今日は雲ひとつない青空が広がり、日差しも柔らかで心地よく、鞭打ちの刑執行日にふさわしい、ちょっとしたピクニック日和である。この日集まってきた民衆の目的は「見世物としての鞭打ち刑」であり、娯楽の少ない庶民にとっては残酷な刑というよりは、 日頃の鬱憤を晴らす楽しいショーになっていた。そのため、昼頃に行われる予定の鞭打ち刑を一目見ようと、朝のうちから次々と見物人が集まり、広場はすでにちょっとした人だかりとなっていた。
中央には木製の晒し台が据えられ、すでに三人の罪人が首と両手を固定されている。 マリアの両親であるカストリオとソレーヌ、そして妹のソフィアだ。この拘束具は『ピロリー』とも呼ばれ、罪人が逃げ出せないよう首と手首を挟み込む構造になっていた。
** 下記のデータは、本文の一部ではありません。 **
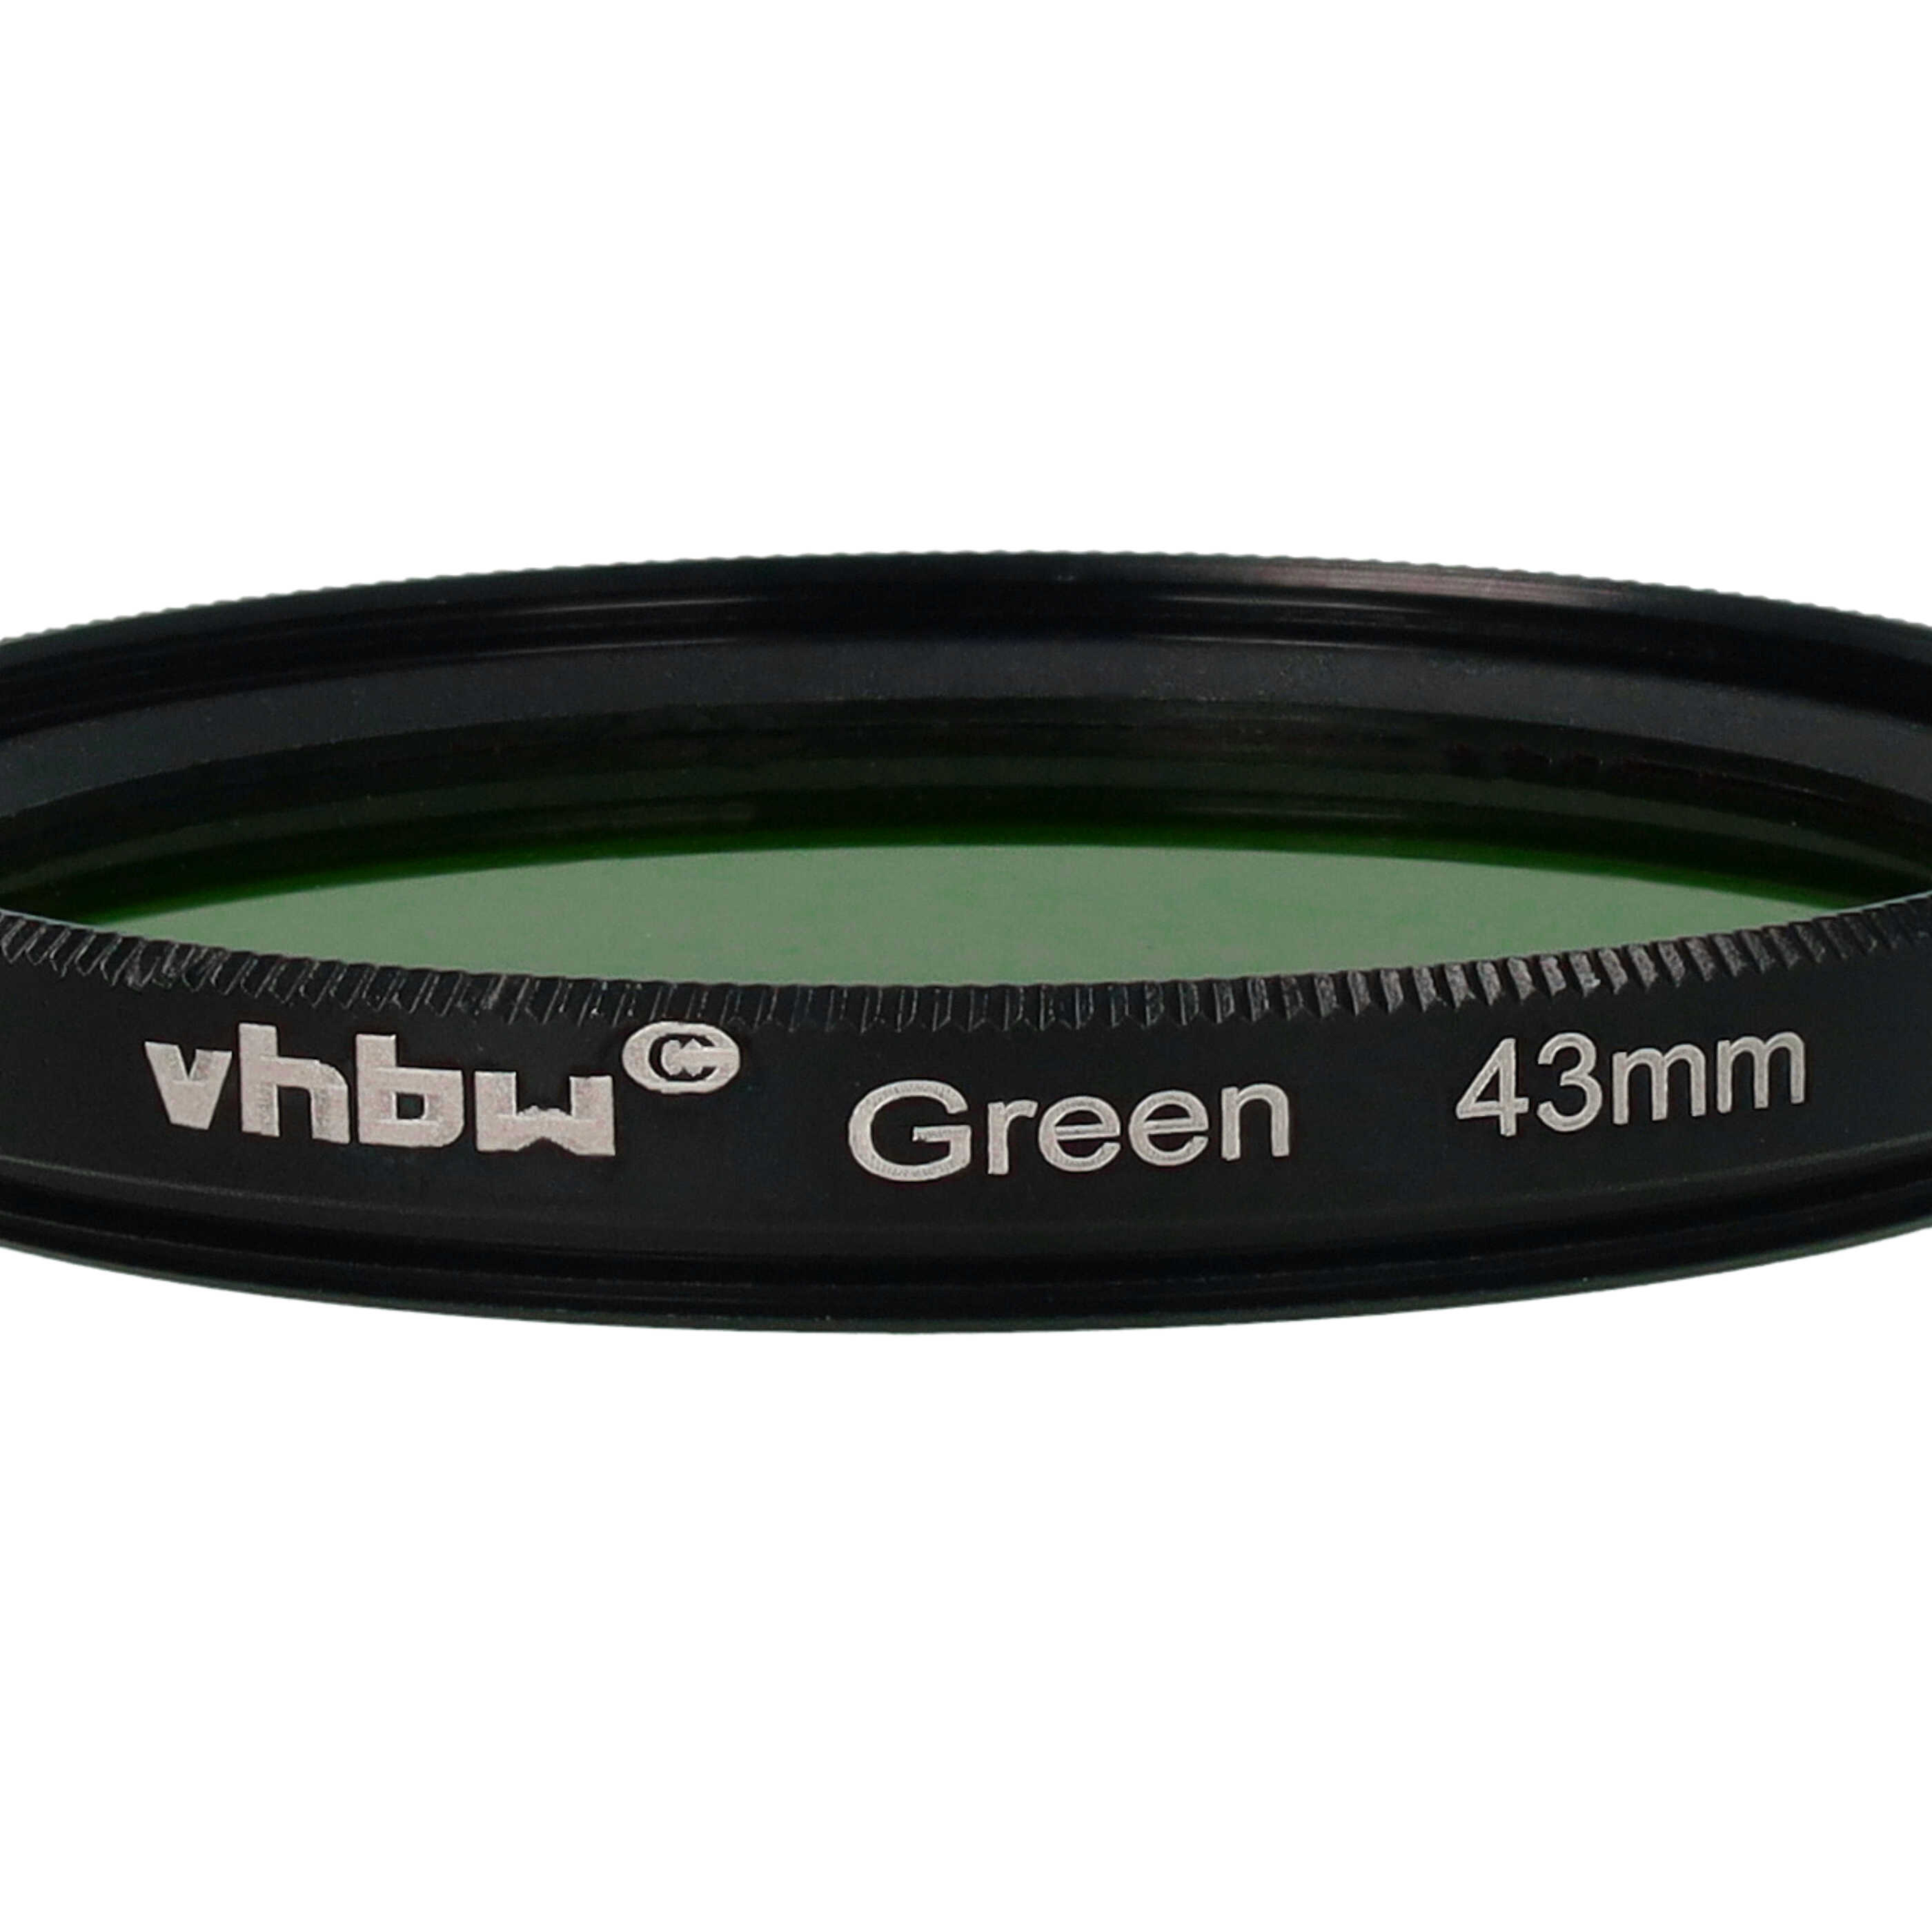 Farbfilter grün passend für Kamera Objektive mit 43 mm Filtergewinde - Grünfilter

もちろん、動ける余地はほとんどない。
さらし台の脇には立て札が立てられ、それぞれの罪状が記されていた。見物人が立て札を覗き込み、「へぇ……」と呆れたような声を漏らすたび、周囲で「どんな罪なんだ?」と興味津々に覗き込む者が増えていく。刑の執行前のこの時間、王都中央広場にはお祭りが始まる前のようなざわついた空気が漂っていた。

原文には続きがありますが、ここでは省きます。